转身邪笑着靠近樊蓠:陛下今晚这么不听话,到处乱跑给我们惹了不少麻烦,您自己说说我们该拿您怎么办呢?
樊蓠顿时精神一震,全副武装地开始表演:我我我没想乱跑!眨眨眼、再眨眨眼,拜托帮帮忙出来几滴眼泪啊,是、是那个人非要我跟他走,我又没办法反抗他。
霍陵飞本想继续恶声恶气,但一凑近就瞧见那双美目泪光盈盈,在月光下过于凄清动人了,他不自觉地双手环胸后撤了一步:真的假的?你是说那人想劫持你?
樊蓠连连点头:真的真的!
可惜没看到那人的真面目,哎,哥你看到了吗?或者,你能从他武功路数上看出什么吗?
段择只摇摇头:先回去。
樊蓠心里直打鼓:这人竟然没拆穿她。
她被这两人一左一右亲自送回了客栈,期间段择还一直抓着她的手臂。迷香的药效过了,肖晴听见动静醒了过来,惊慌地问出了什么事。
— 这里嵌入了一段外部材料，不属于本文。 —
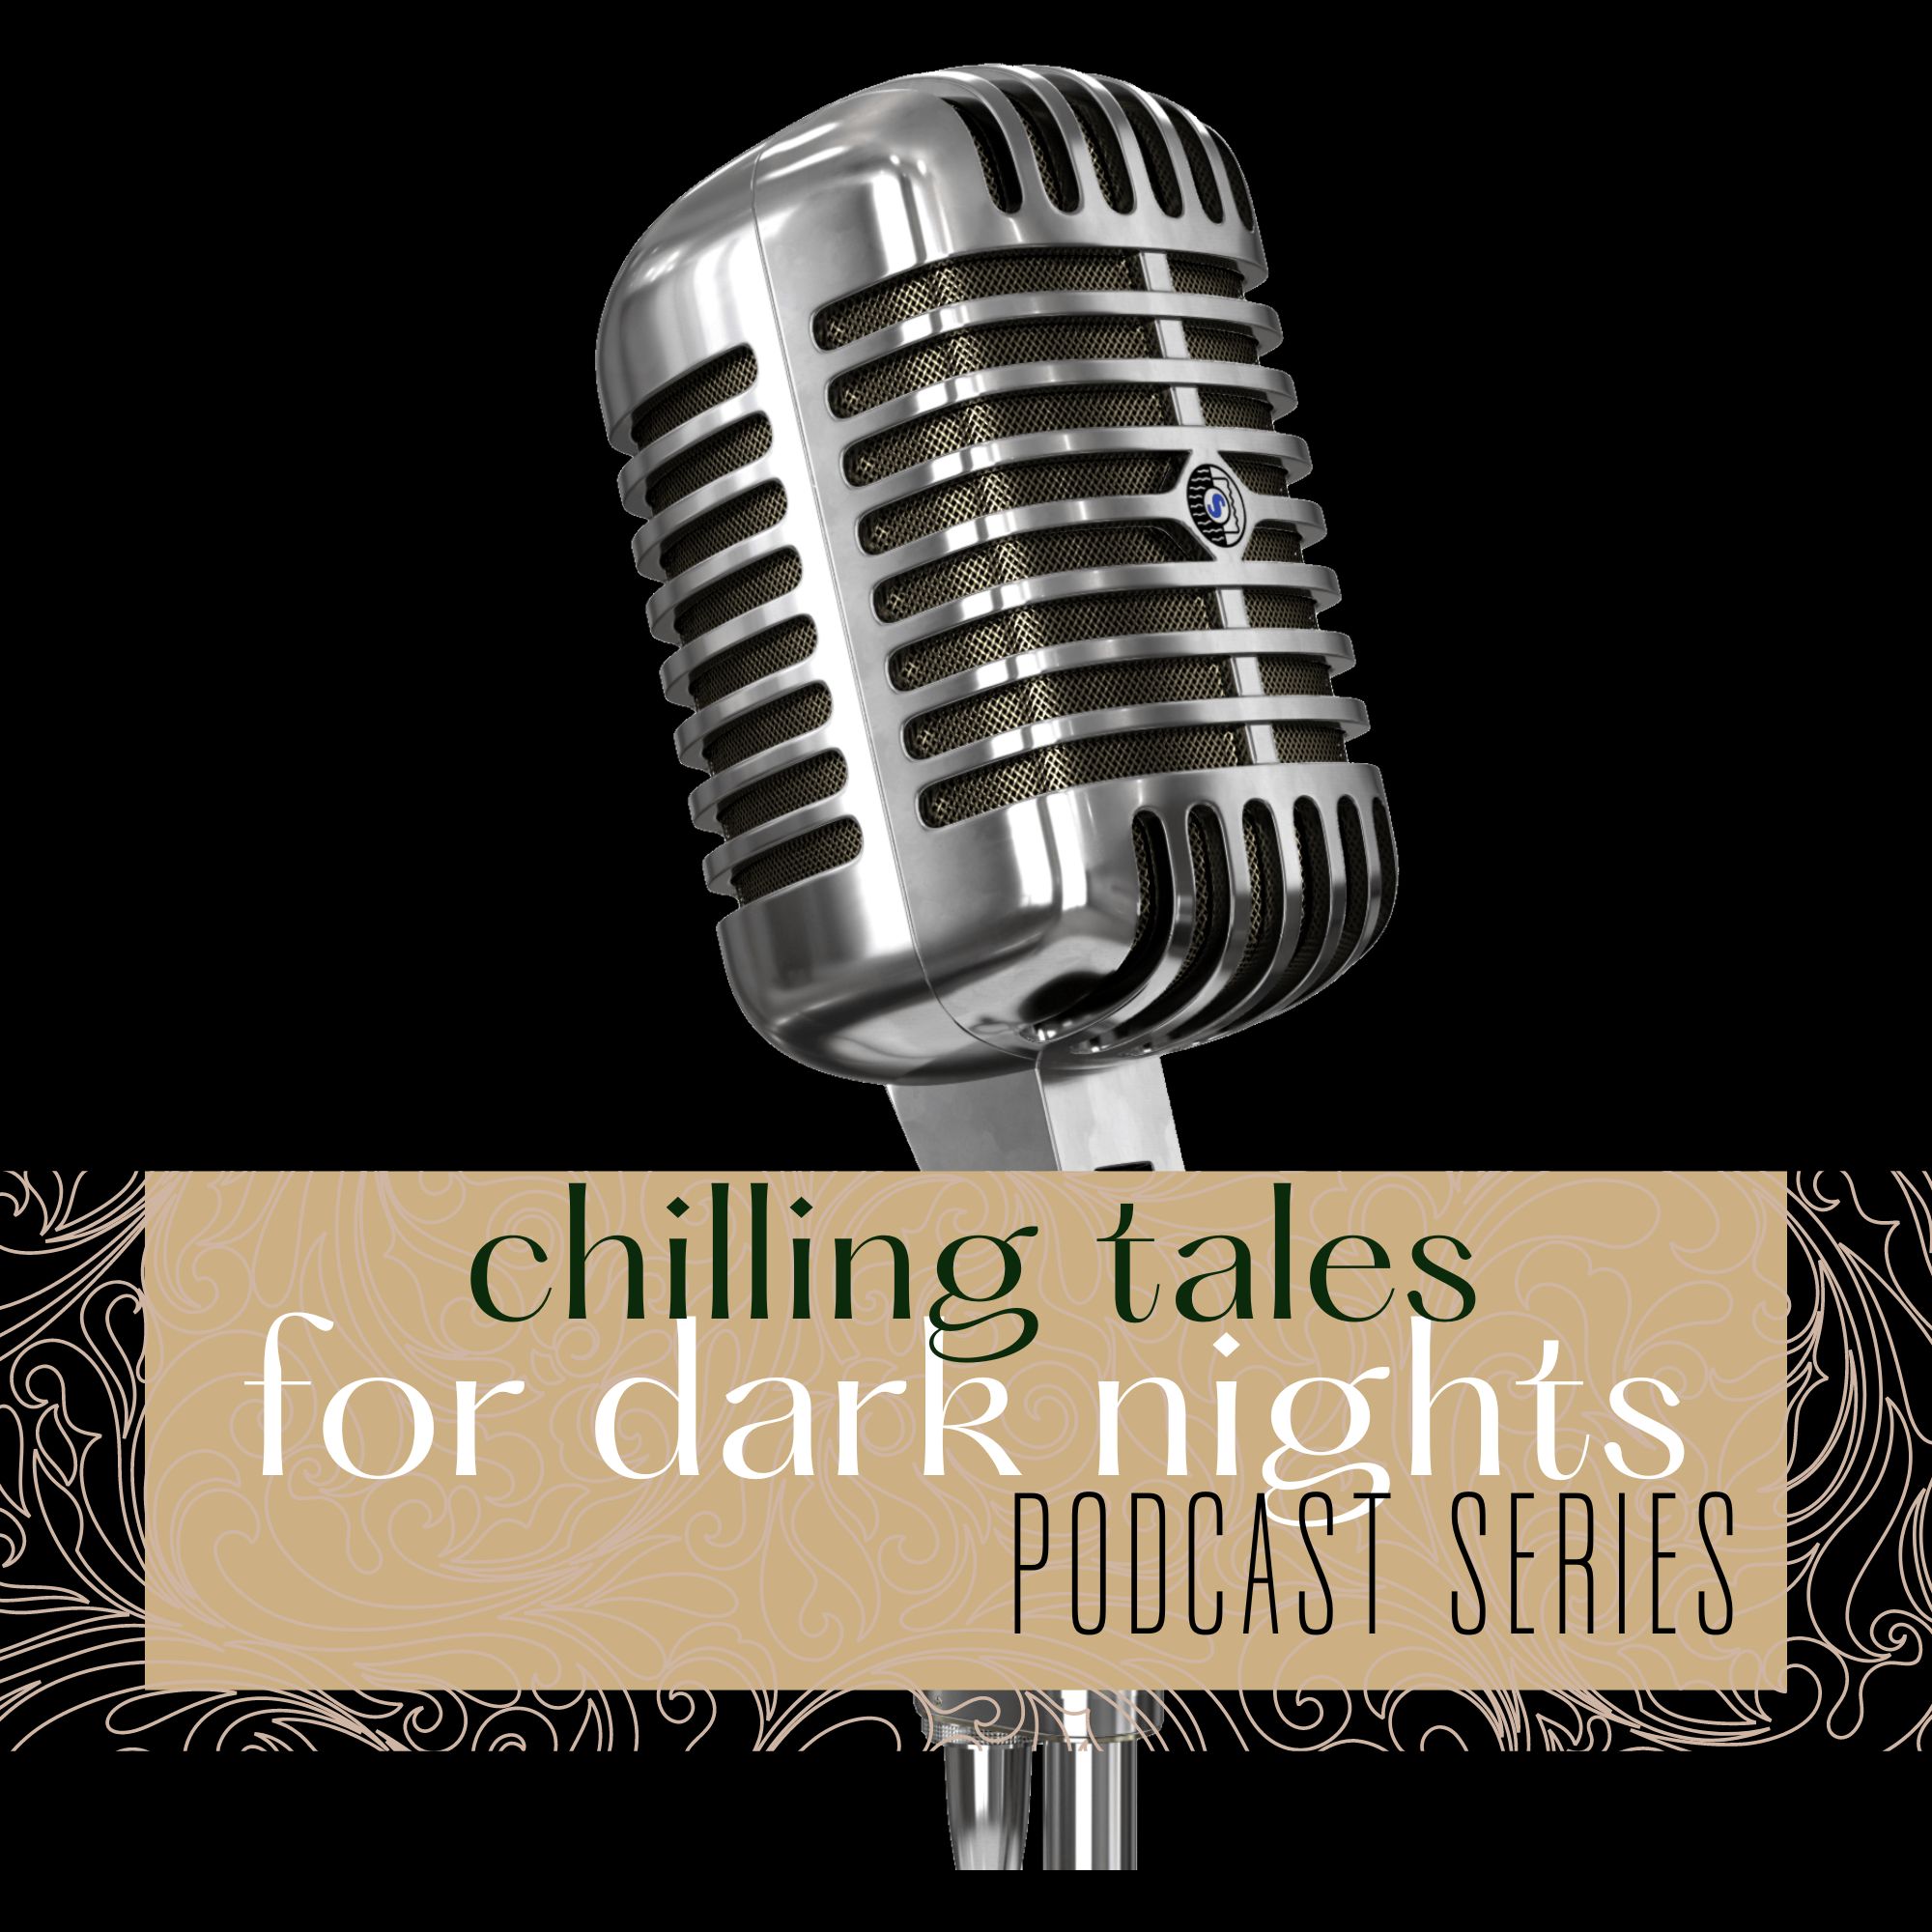 I’m Sharing a Podcast Series: Chilling Tales for Dark Nights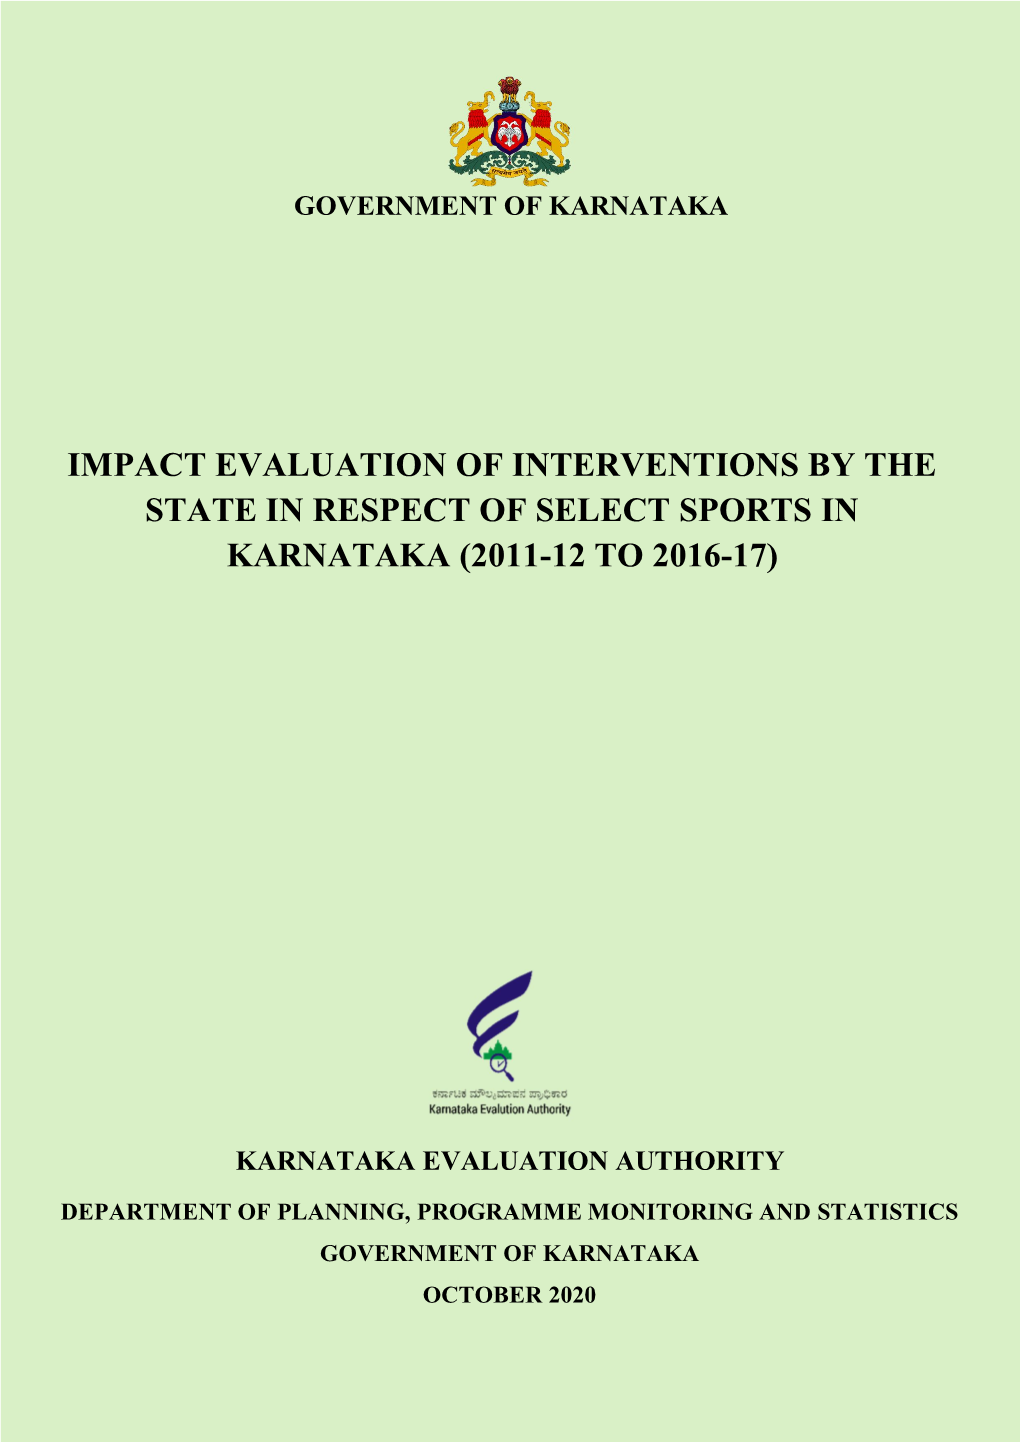 Impact Evaluation of Interventions by the State in Respect of Select Sports in Karnataka (2011-12 to 2016-17)

段择一把将樊蓠推到床上:你们先出去,我跟夏姑娘单独谈谈。
肖晴不甘地跺跺脚出去了,霍陵飞伸手指自己:也包括我?
段择扭头看着他。
霍陵飞想跺脚又觉得太娘,只得气冲冲地走开并把房门甩得震天响:这两人只要凑到一起就有一种不容他人介入的气氛是怎么回事啊!哎?他为什么会有这种见鬼的感觉?他是不是过于关注这俩人了?霍陵飞懵了片刻,马上又疯狂摇头:不不不,他多注意他们一些是正常的,毕竟那可是泷哥和表哥都没找到的洛荧女皇啊,被他逮住了他自然要确保送到夏泷手里才放心;而他段哥如今又被那小妖女迷得七荤八素,他当然要看紧一点防止段择化身情圣带着人私奔。啊呀,他可真是操碎了心、尽职尽责的好兄弟。
段择开始在房间里翻找,主要是检查樊蓠的私人用品,那拢共也没有多少,花草种子、小盆景、布料、乱七八糟的挂件这些统统被摆在桌子上,他仔细打量着这些小玩意,面色愈发难看。
樊蓠在他突然看过来的时候忍不住缩成一团,她能感觉到对方的暴躁情绪几乎压不住了。果然下一刻段择上前来开始掀她的床铺:藏哪儿了?你用来调配毒药的东西,别装傻,你知道我找什么。说话!她每次要买的东西他都查验过,没发现有药用的,但刚才她用来扎自己的针上很明显有麻痹肌肉的毒,她到底怎么得到毒素的?
他以前没有这样发狠地吼过她,樊蓠有些害怕,不过她不能说出自己的配方,那是她如今唯一的秘密武器其实现在也不算秘密了,段择已经见识过,机警如野兽的他绝不会第二次中招,如果他再告诉霍陵飞,那自己更没机会用。樊蓠骤然泄气:是啊,他当然会告诉他的好兄弟以防自己的毒手。
她一直不言语,段择耐心告罄地点点头,你不开口,那我只能靠自己找了。说着就动手去掀她的头发和衣服,樊蓠挣扎着想躲开,我没有针了她颤声道,毒素只够染一根的。那根针本打算留到千钧一发之际用的,没想到今晚就暴露了。
那刚刚扎我那根呢?
掉了。不扔掉难不成留着给你去测验配方吗?我说我没有了!你别樊蓠手脚并用地想摆脱钳制,她怀疑这人故意耍流氓,就算她还有毒针也不会还留在身上等着被他搜走好不好!
她的挣扎让段择心情更不好了,直接用膝盖压住她乱扭的腰,动作堪称粗暴地上下其手搜遍了她的全身。
樊蓠把脸埋在床单上小声地啜泣,这人刚刚像对待一件物品那样搜查她,好像她是一只口袋,搜完了正面以后翻过来再搜反面,但她根本不敢真的反抗,又喊又踹也只不过为了表示抗议,而他用行动告诉自己抗议无效。